The world of parallel and distributed high performance computing has advanced remarkably in the past decade and the Python ecosystem exemplifies this. Although a comprehensive coverage of related packages is beyond the current scope (packages for cloud, distributed and high performance computing in Python can be found at https://wiki.python.org/moin/ParallelProcessing), one exemplar package to note is Dask. A flexible parallel library for analytic computing, Dask is built around two components: dynamic task scheduling that optimizes interactive computational workloads, and big data collections that enable out-of-memory or distributed processing of parallel data arrays and dataframes.

A fourth important thread is the rise of open science. Stressing the need for improved transparency, reproducibility, and replication, the open science movement is leading to new types of development paradigms such as Docker containers, conda environments and the notebook viewer that enable sharing of snippets of code and even complete workflows that reproduce the analysis underlying a particular scientific paper. Familiarity with these tools will be increasingly important for Python GIS development.

Open science also has parallels in the open government and open data movements that are driving transparency, sharing, and reuse of government collected data. These have fostered collaborative projects bringing together academic researchers, government and industry to fashion computing solutions targeting social and environmental issues.

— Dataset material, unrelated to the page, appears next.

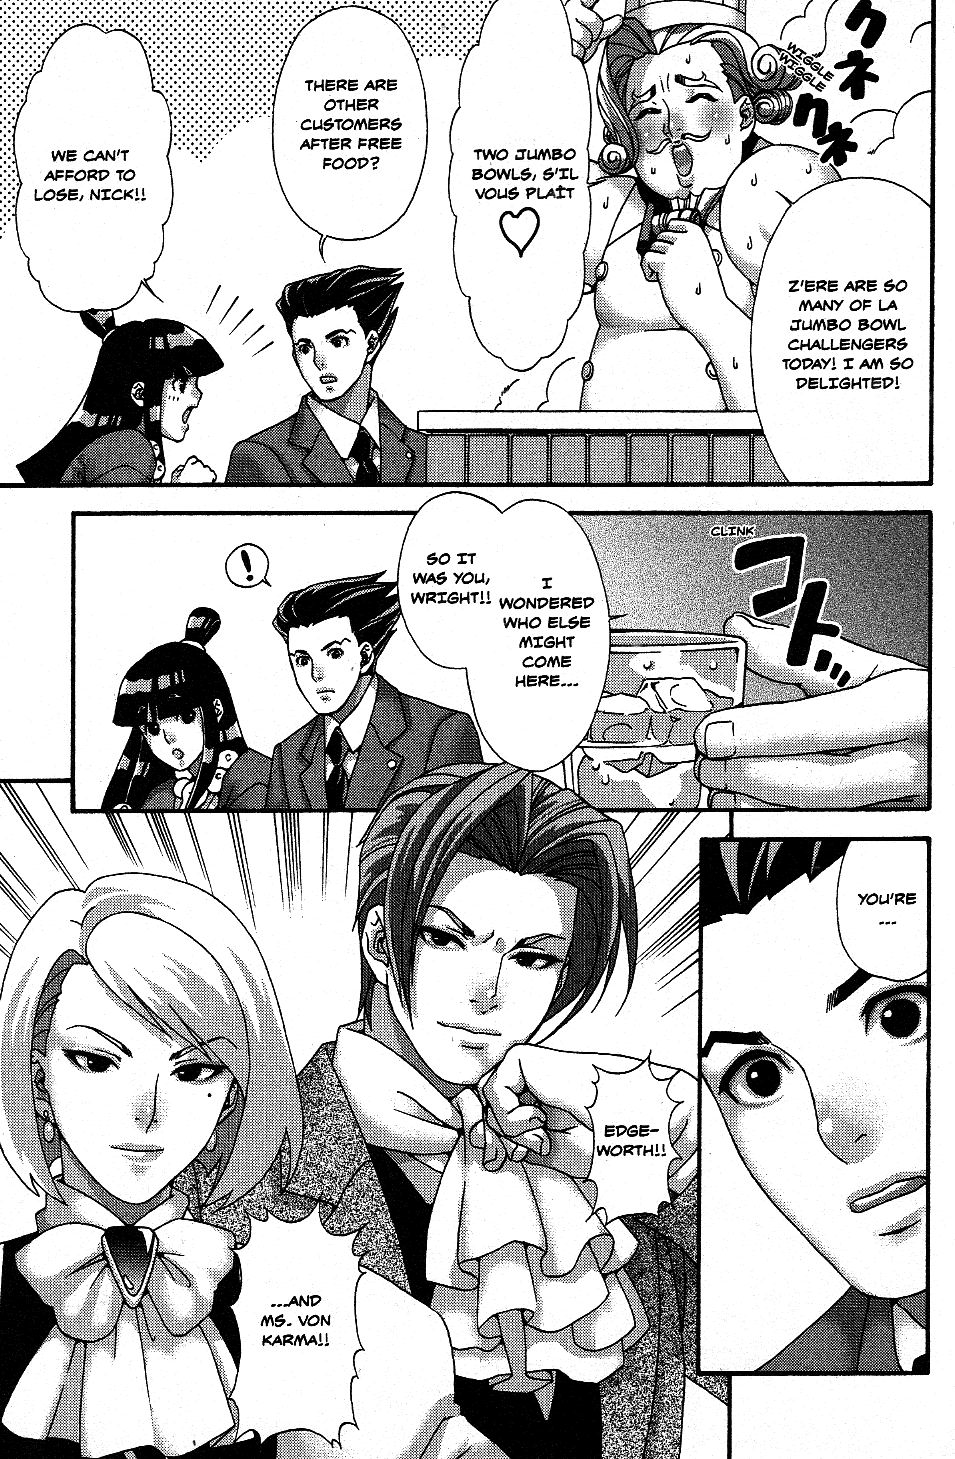 Phoenix Wright: Ace Attorney - Official Casebook Vol.1 Chapter 13: Turnabout? Food Fight - By Yorozu - Picture 3

Given that many of these projects involve geospatial data and analysis, Python capable GIScientists can play a central role in these efforts.

 

References: 

See Table 1. 

Learning Objectives: 
  • Describe the role of programming in GIScience.
  • Explain the different Python GIS development modes.
  • Demonstrate familiarity with the current Python GIS Programming Stack.
Instructional Assessment Questions: 
  1. What are the two main models of developing for GIS using Python?
  2. Describe the use cases for Python programming in GIScience.
  3. Discuss the coverage of the GIScience processing and analysis stack in the Python ecosystem.
Additional Resources: 

Bahgat, K. (2016) Python Geospatial Development Essentials. PACKT Publishing.

Westra, E. (2016) Python Geospatial Development. PACKT Publishing. Third Edition.